I want to obtain the execution time of each operator in the TVM model. The execution time obtained through the debugger is unstable. Therefore, I measure the execution time of each operator in C++ as shown below.

void GraphRuntime::Run() {
    for (size_t i = 0; i < op_execs_.size(); ++i) {
      if (op_execs_[i]) {
        LOG(INFO) << "Executing " << i <<": " << nodes_[i].name<< "...";
        // warm up
        for(size_t j = 0; j < 10; j++) {
          op_execs_[i]();
        }

        auto start = std::chrono::high_resolution_clock::now();
        for(size_t j = 0; j < 100; j++) {
          op_execs_[i]();
        }
        auto stop = std::chrono::high_resolution_clock::now();
        auto duration = std::chrono::duration_cast<std::chrono::microseconds>(stop - start);
        LOG(INFO) << "Time taken by function (--" << nodes_[i].name << "--): --" << duration.count() / 100.0 << "-- microseconds";
      }
    }
  } 
}

After obtaining the average execution time for all operators, I compared the sum of average executioin times for all operators with the executhion time of whole model. I found the former is much smaller than the latter. For example, the former is 43ms while the latter is 117ms.

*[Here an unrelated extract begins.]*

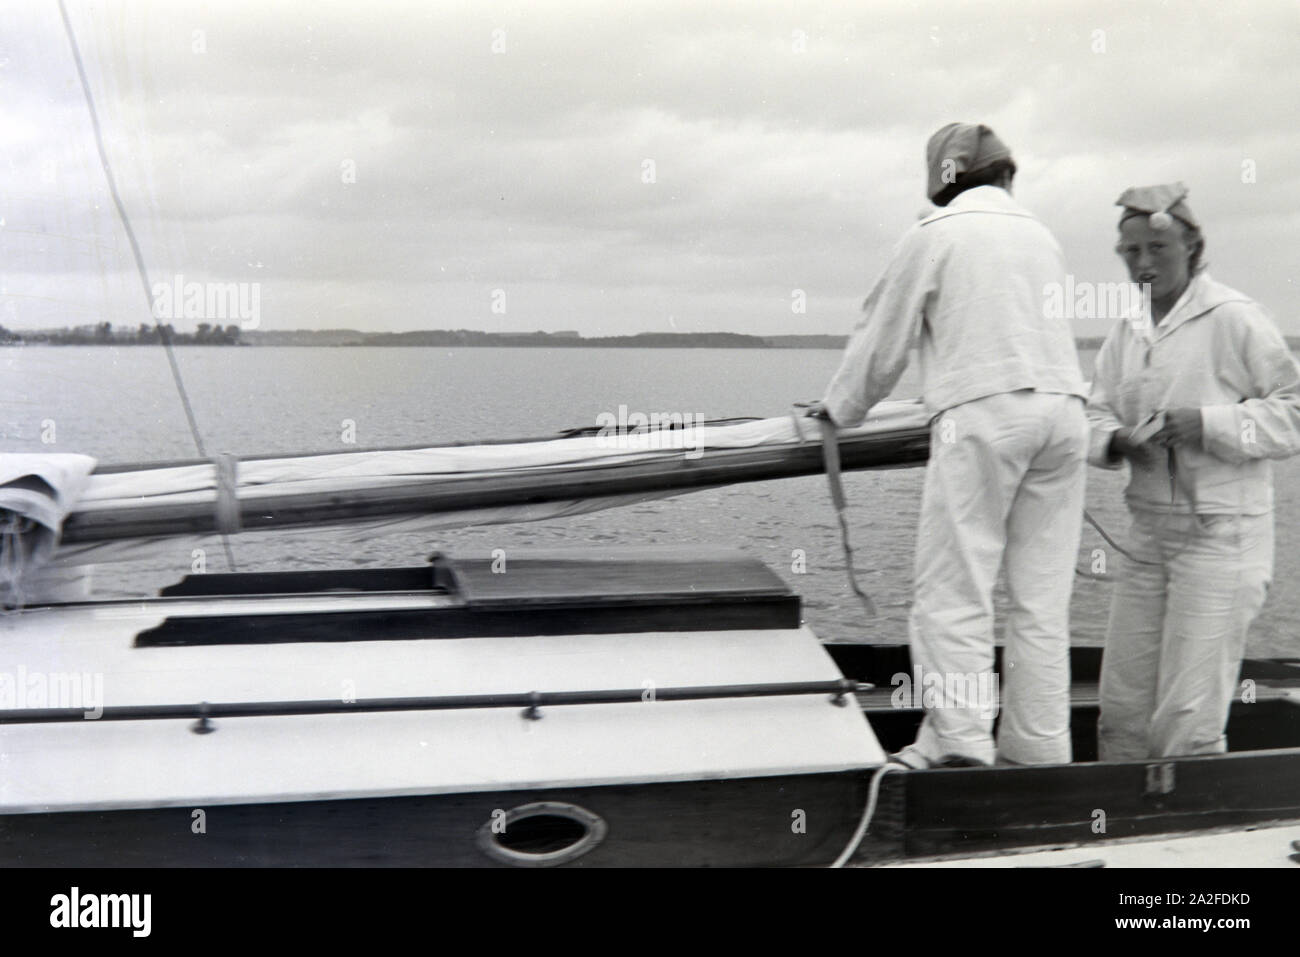 Zwei Seglerinnen in Seglerbekleidung mit Bommelmütze auf einem Bootsausflug auf dem Chiemsee, Deutschland 1930er Jahre. Two yachtswomen in a sailing uniform on a boat on the Chiemsee, Germany 1930s. Stock Photo

The method for measuring the execution time of whole model is as follows.

repeat = 100
start = time.time()
for i in range(repeat):
      model.run()
end = time.time()
whole_model_exec_time = (end-start) / repeat

I want to know the possible reasons for this situation. The tvm version is 0.8dev0.

Actually, the model is executed heterogeneously (some operators on CPU, while others on GPU). If a cuda operator is asynchronous, the method above can only measure the kernel launch time, which is smaller than real execution time. Are there asynchronous operators in TVM?